### Exercise aim
A picture-free, exact reproduction of the listing that follows is required.

Information shown below:

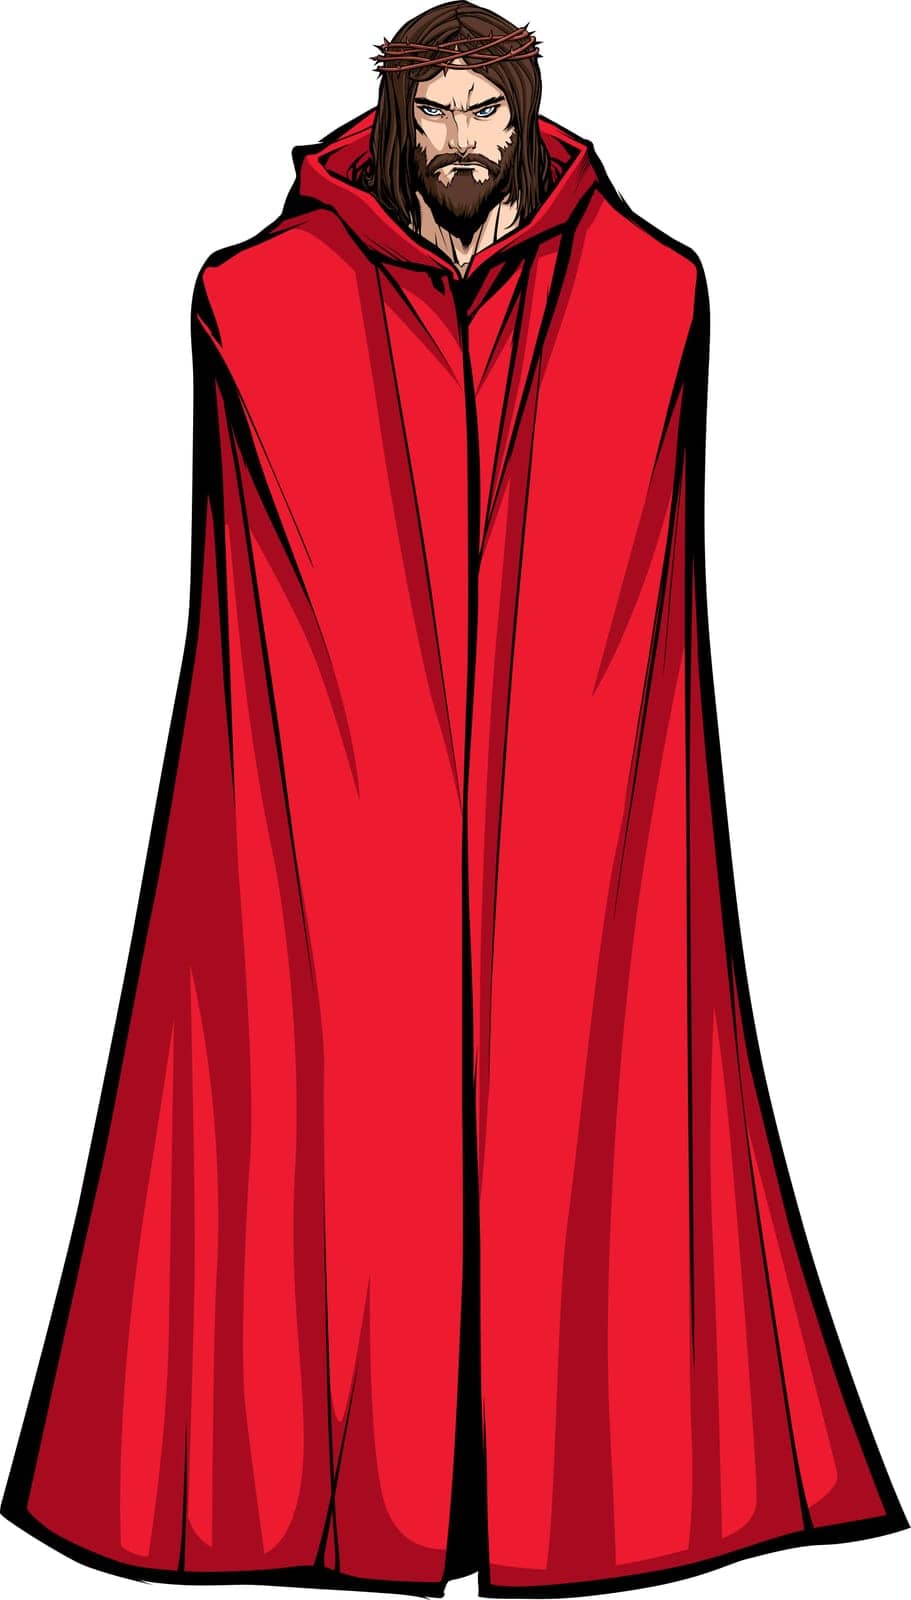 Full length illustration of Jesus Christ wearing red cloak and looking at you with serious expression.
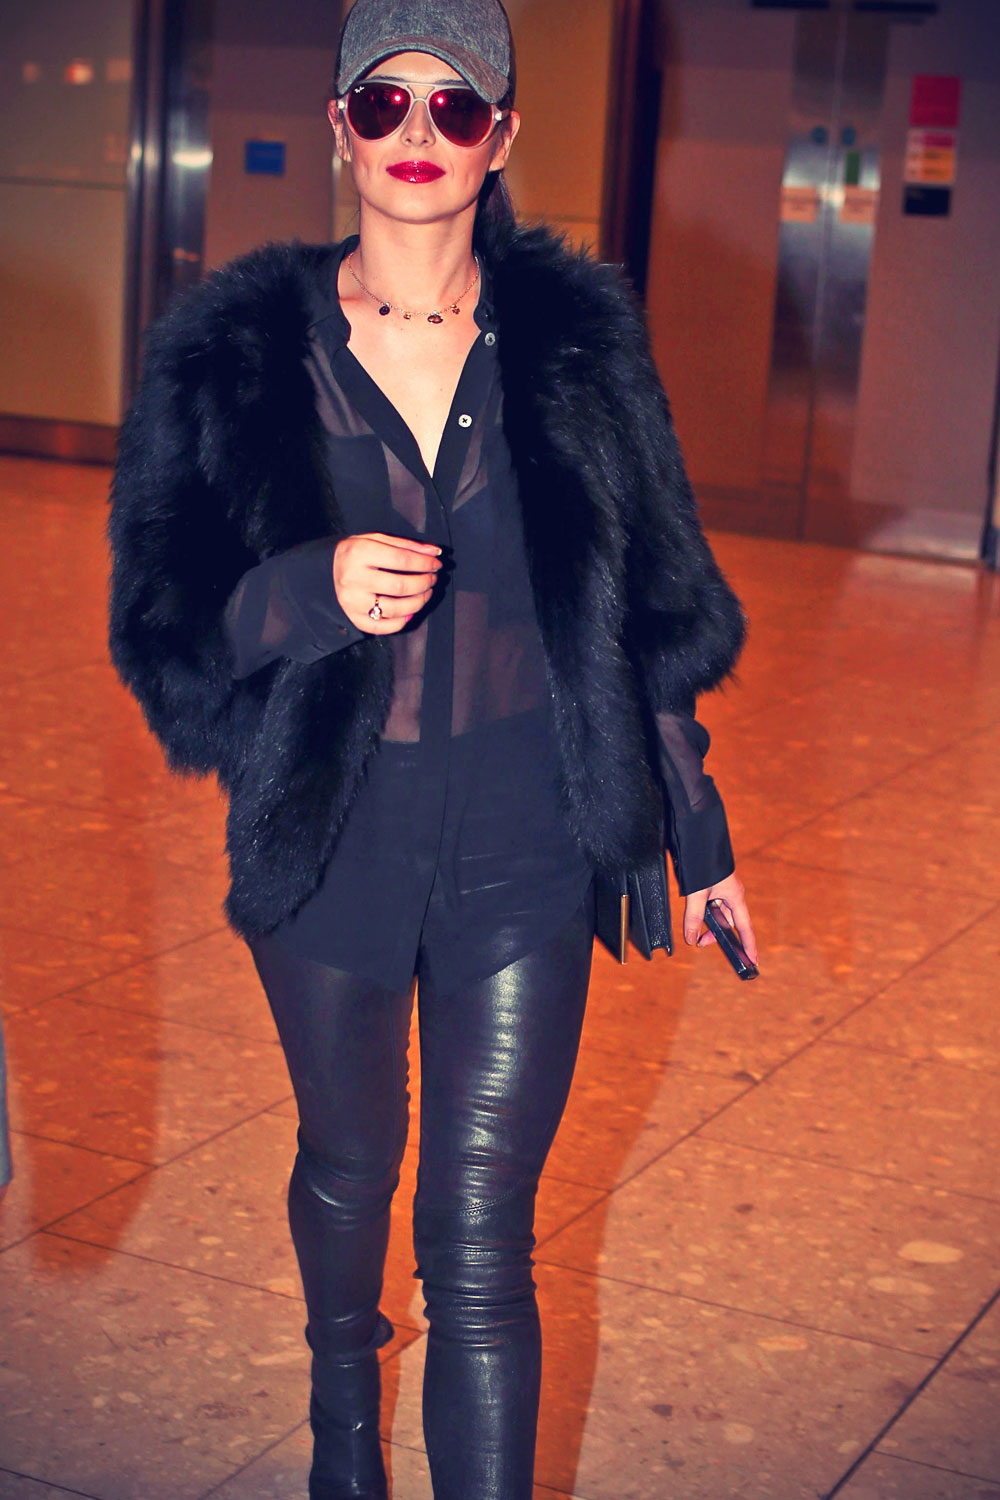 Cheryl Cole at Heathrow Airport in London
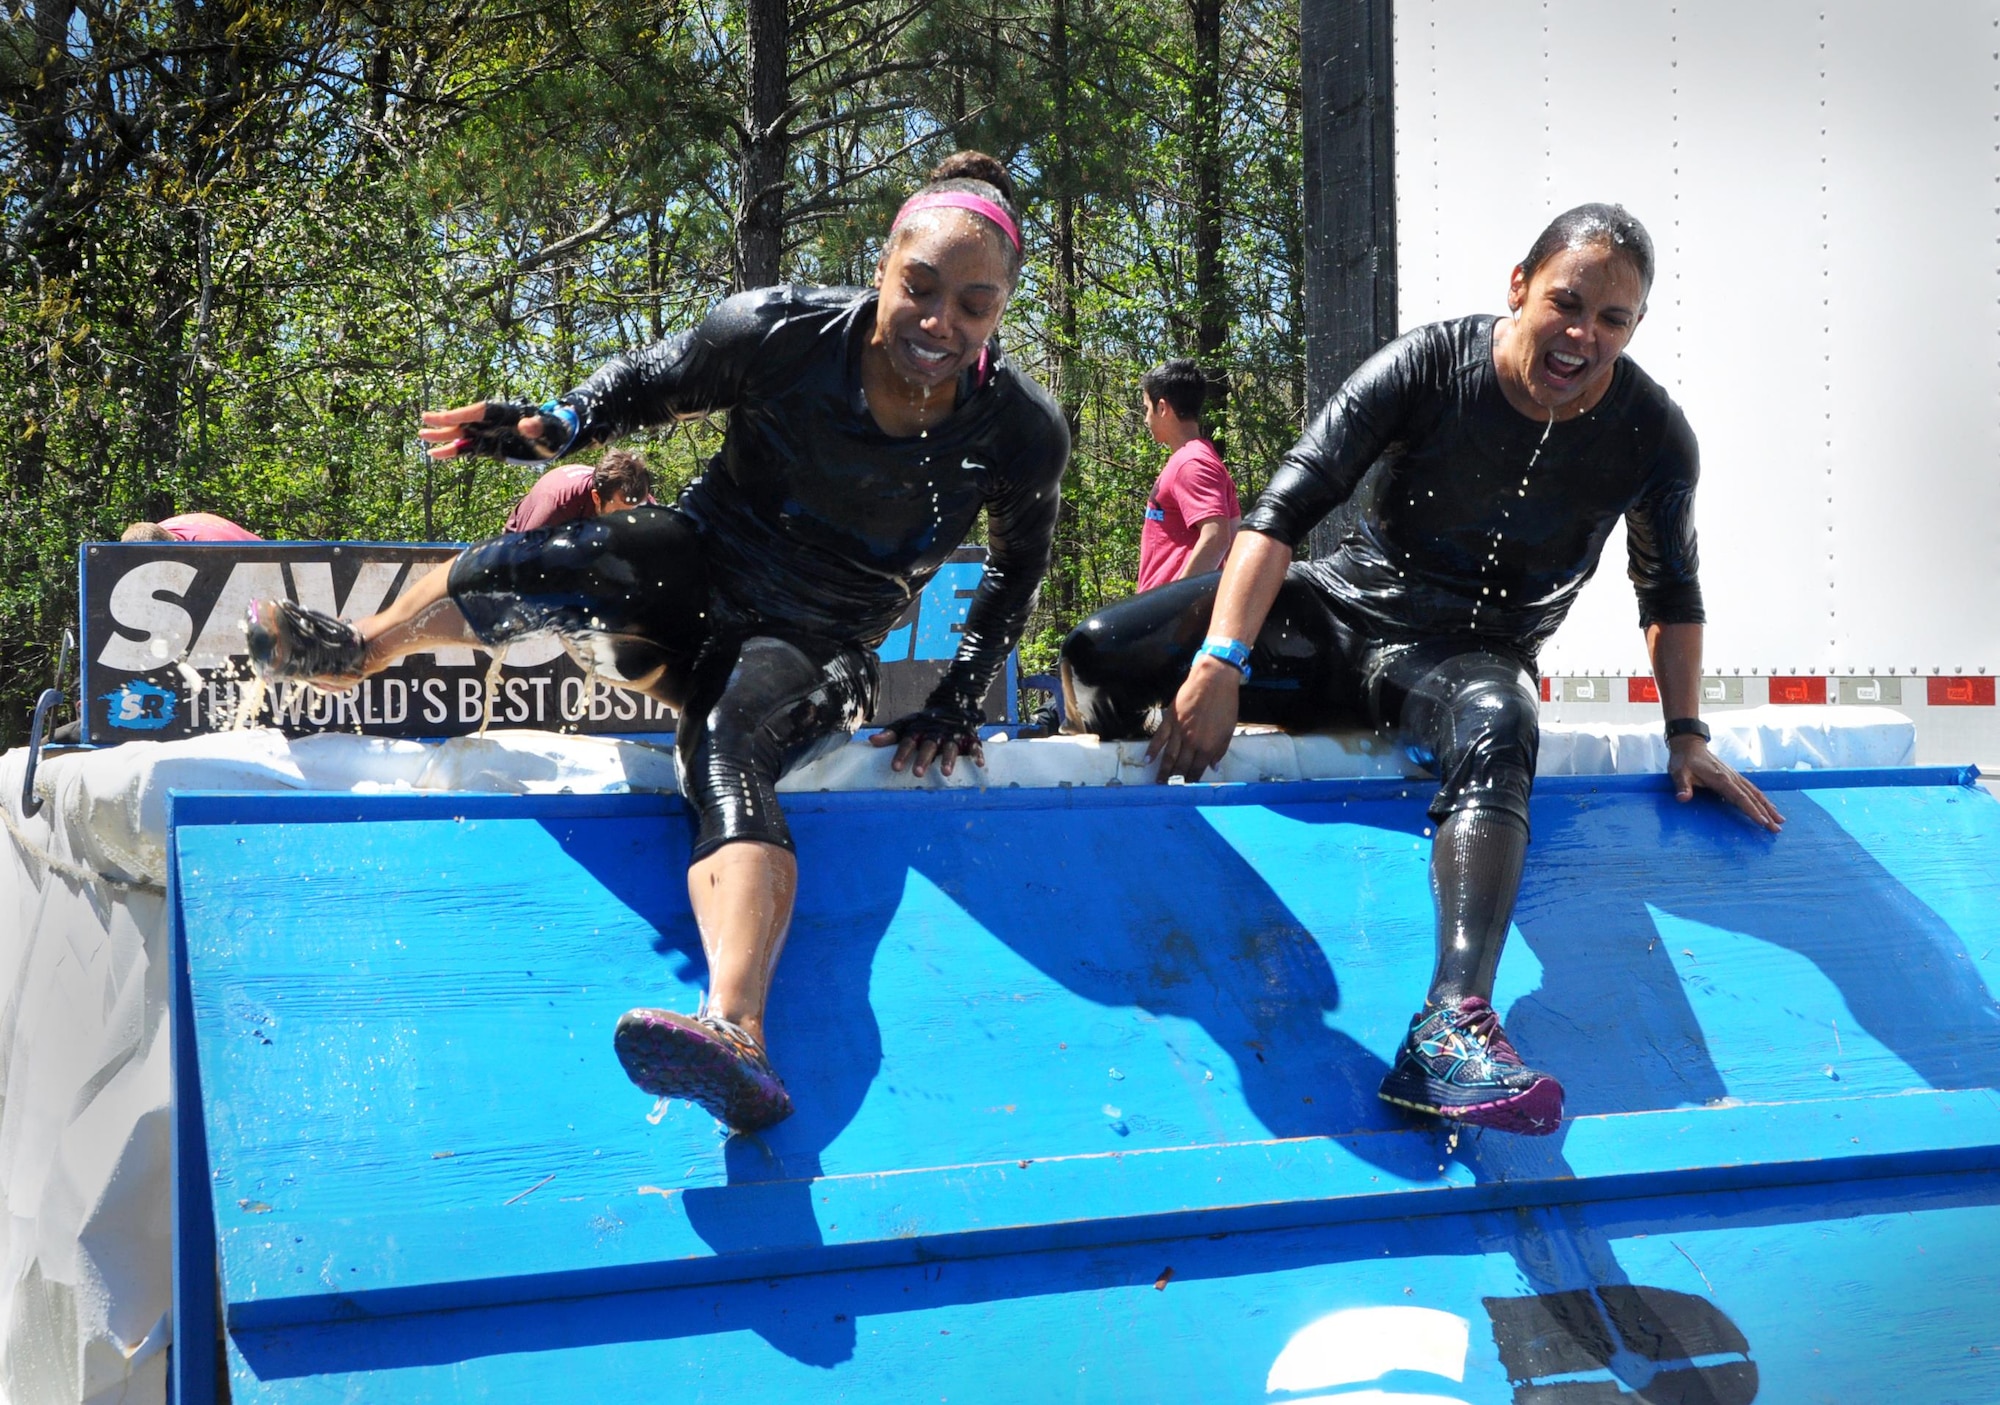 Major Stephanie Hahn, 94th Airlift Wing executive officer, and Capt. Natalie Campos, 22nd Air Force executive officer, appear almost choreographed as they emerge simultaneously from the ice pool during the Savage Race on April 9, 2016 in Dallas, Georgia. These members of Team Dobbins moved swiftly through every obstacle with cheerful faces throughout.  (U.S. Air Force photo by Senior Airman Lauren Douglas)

End of Information shown.

### The answer
 Full length illustration of Jesus Christ wearing red cloak and looking at you with serious expression.
 Cheryl Cole at Heathrow Airport in London
 Major Stephanie Hahn, 94th Airlift Wing executive officer, and Capt. Natalie Campos, 22nd Air Force executive officer, appear almost choreographed as they emerge simultaneously from the ice pool during the Savage Race on April 9, 2016 in Dallas, Georgia. These members of Team Dobbins moved swiftly through every obstacle with cheerful faces throughout.  (U.S. Air Force photo by Senior Airman Lauren Douglas)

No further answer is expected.